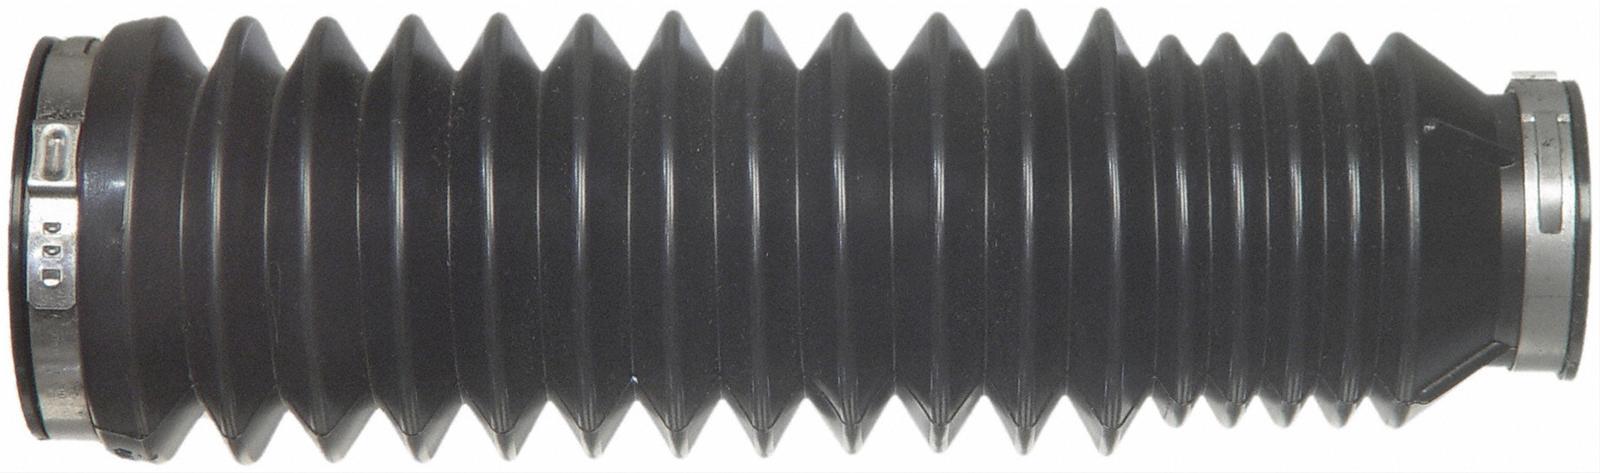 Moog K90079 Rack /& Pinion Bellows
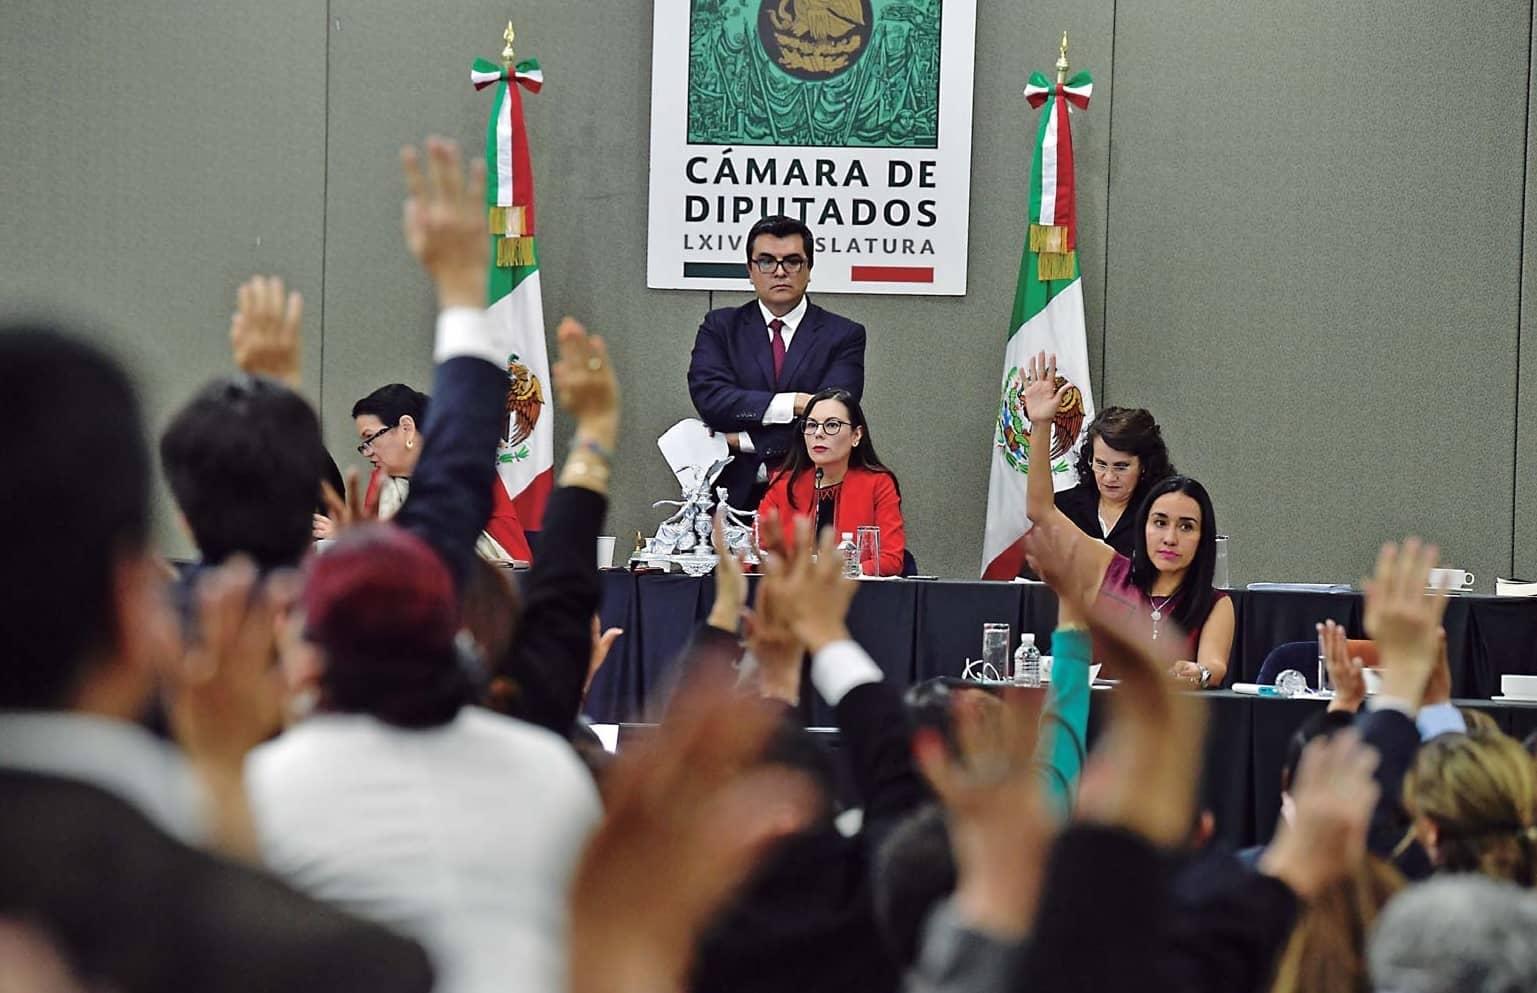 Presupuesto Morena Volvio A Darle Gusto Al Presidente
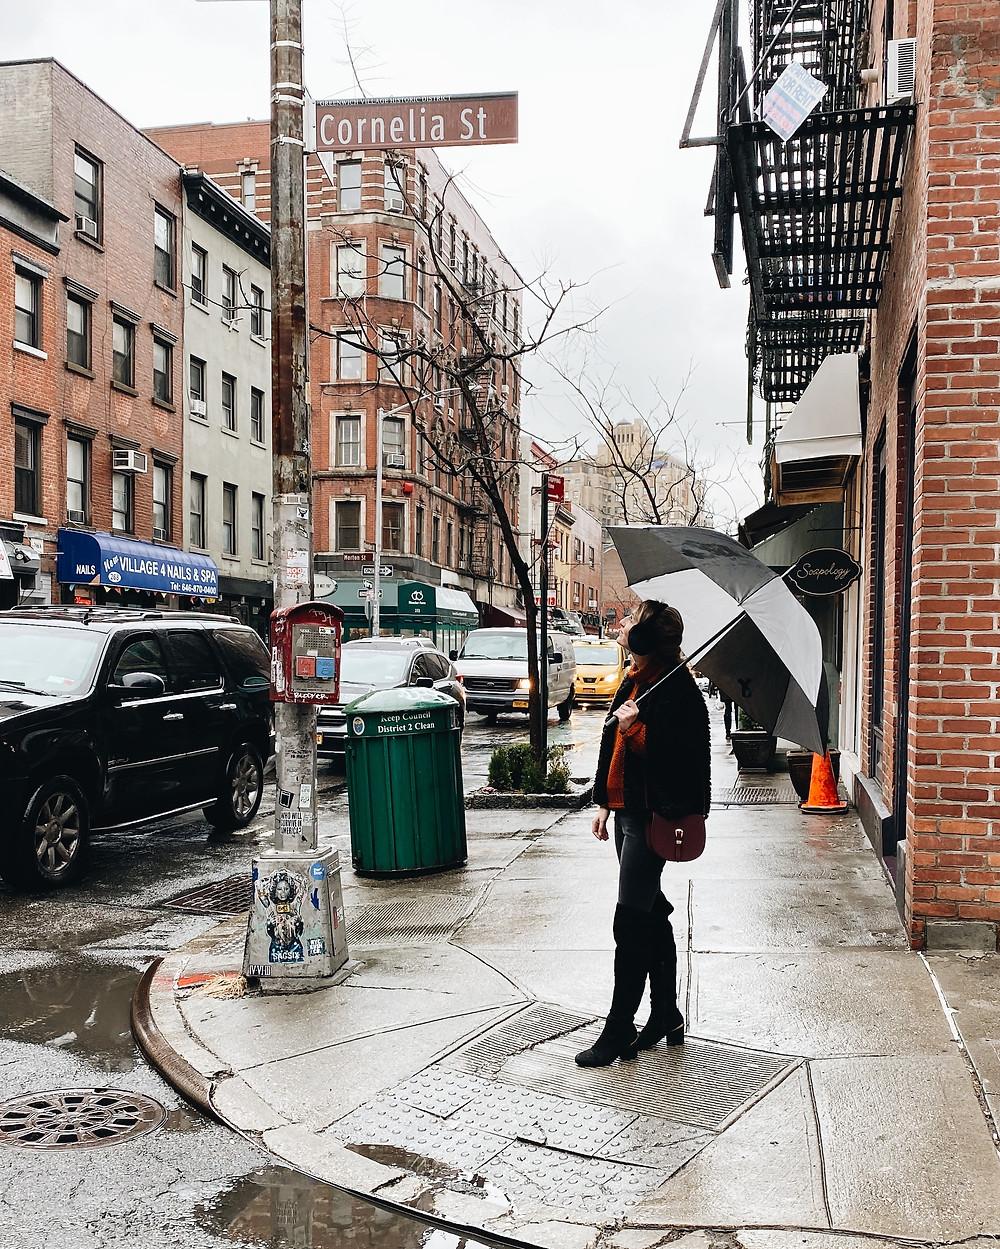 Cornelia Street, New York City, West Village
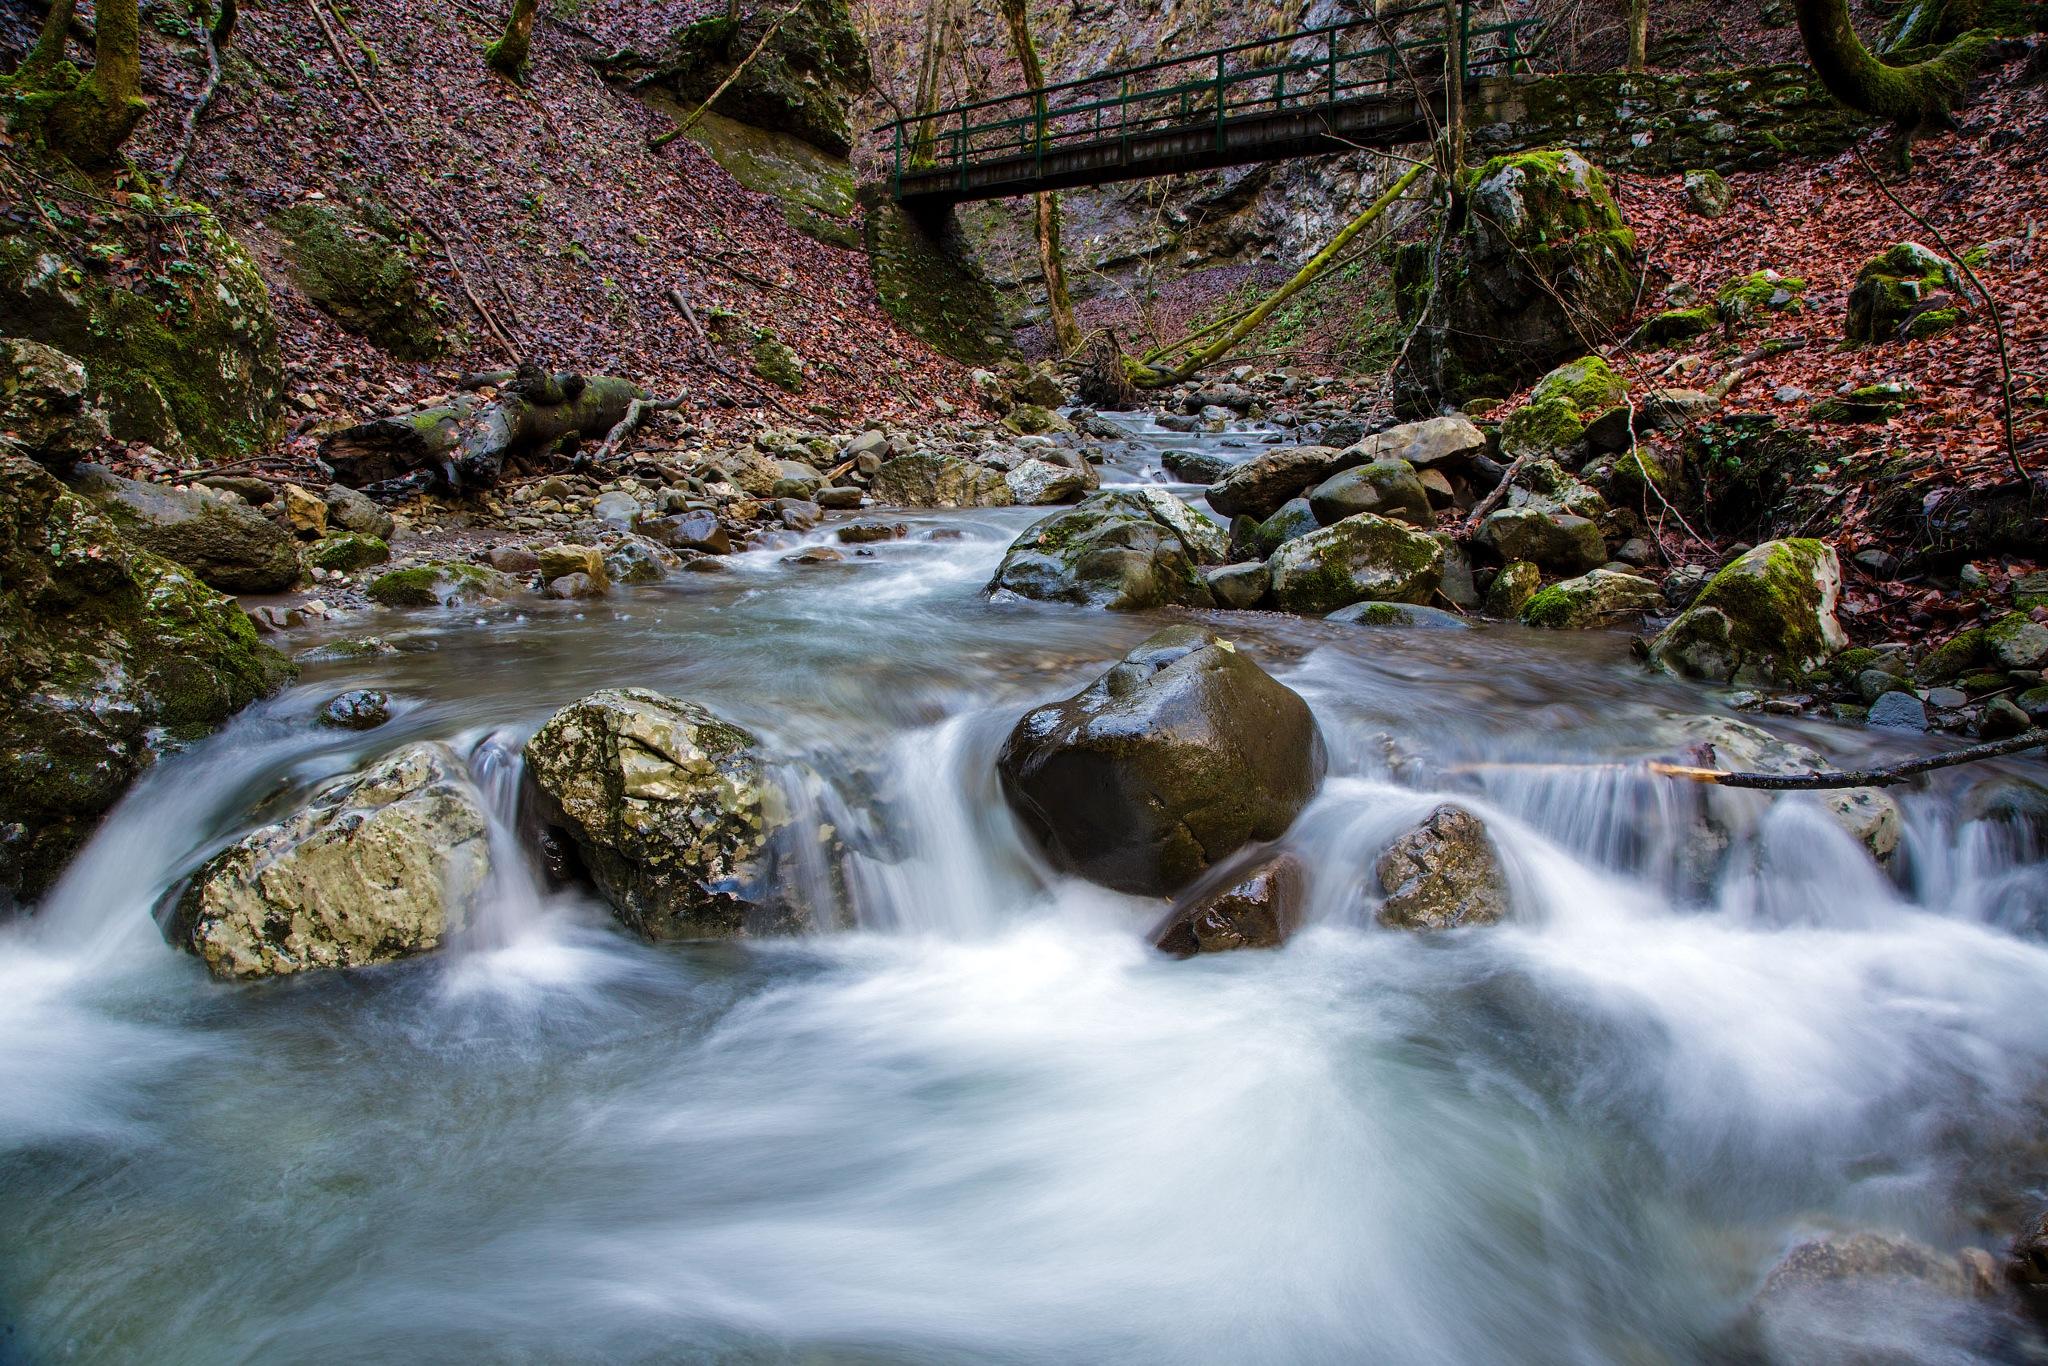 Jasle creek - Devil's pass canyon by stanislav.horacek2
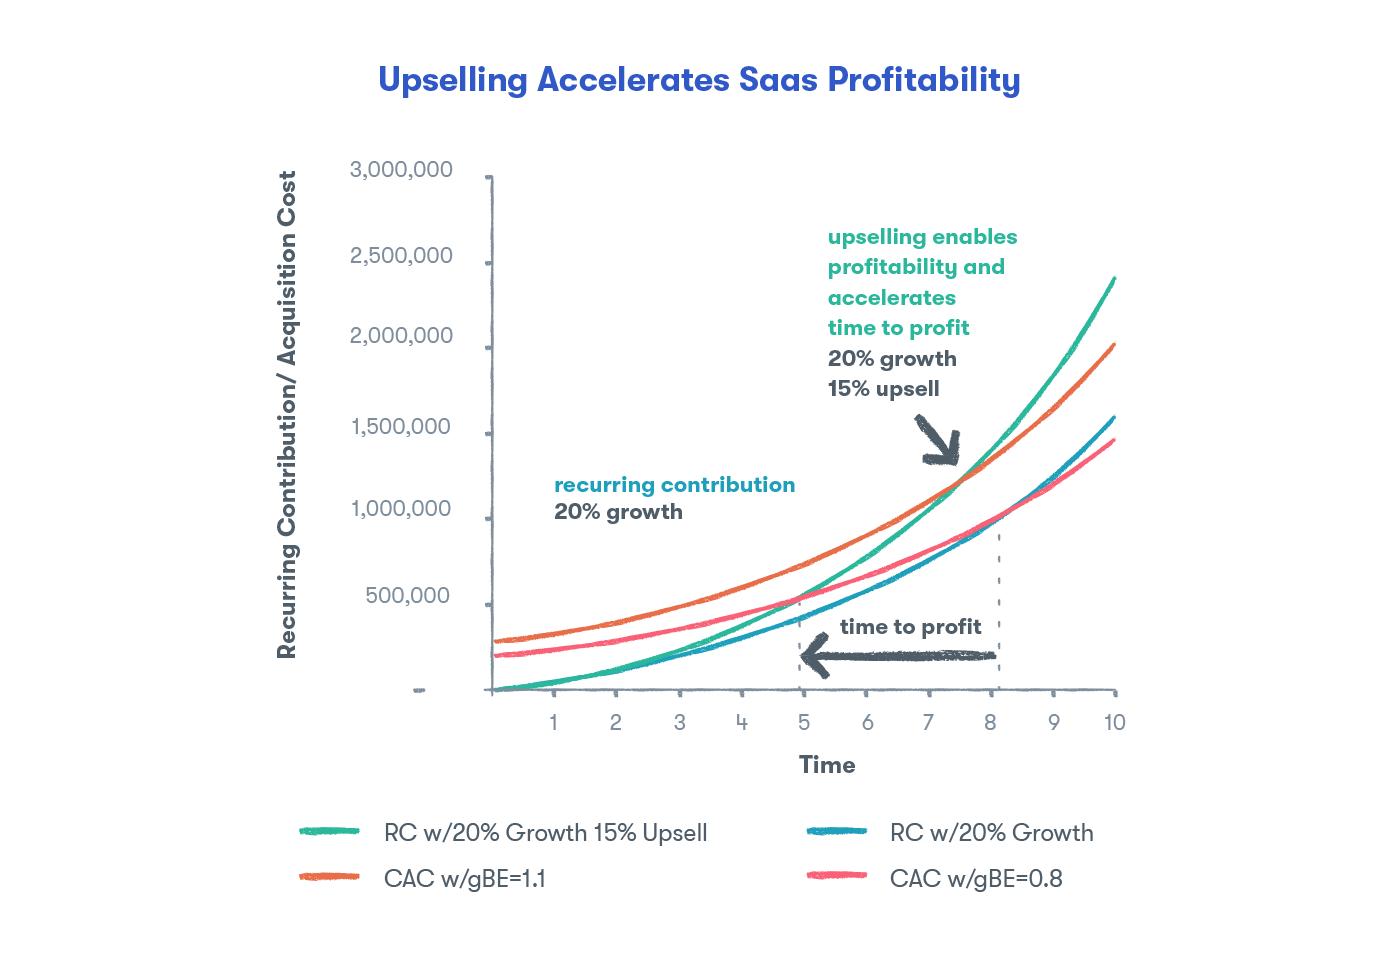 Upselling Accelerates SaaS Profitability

+===+

## WHAT TO DO
Give back exactly the lines from the line with "Presupuesto Morena Volvio" through the end of the records, both included; keep all pictures out.

## RESULT OF THIS EXERCISE
 Presupuesto Morena Volvio A Darle Gusto Al Presidente
 Cornelia Street, New York City, West Village
 Jasle creek - Devil's pass canyon by stanislav.horacek2
 Upselling Accelerates SaaS Profitability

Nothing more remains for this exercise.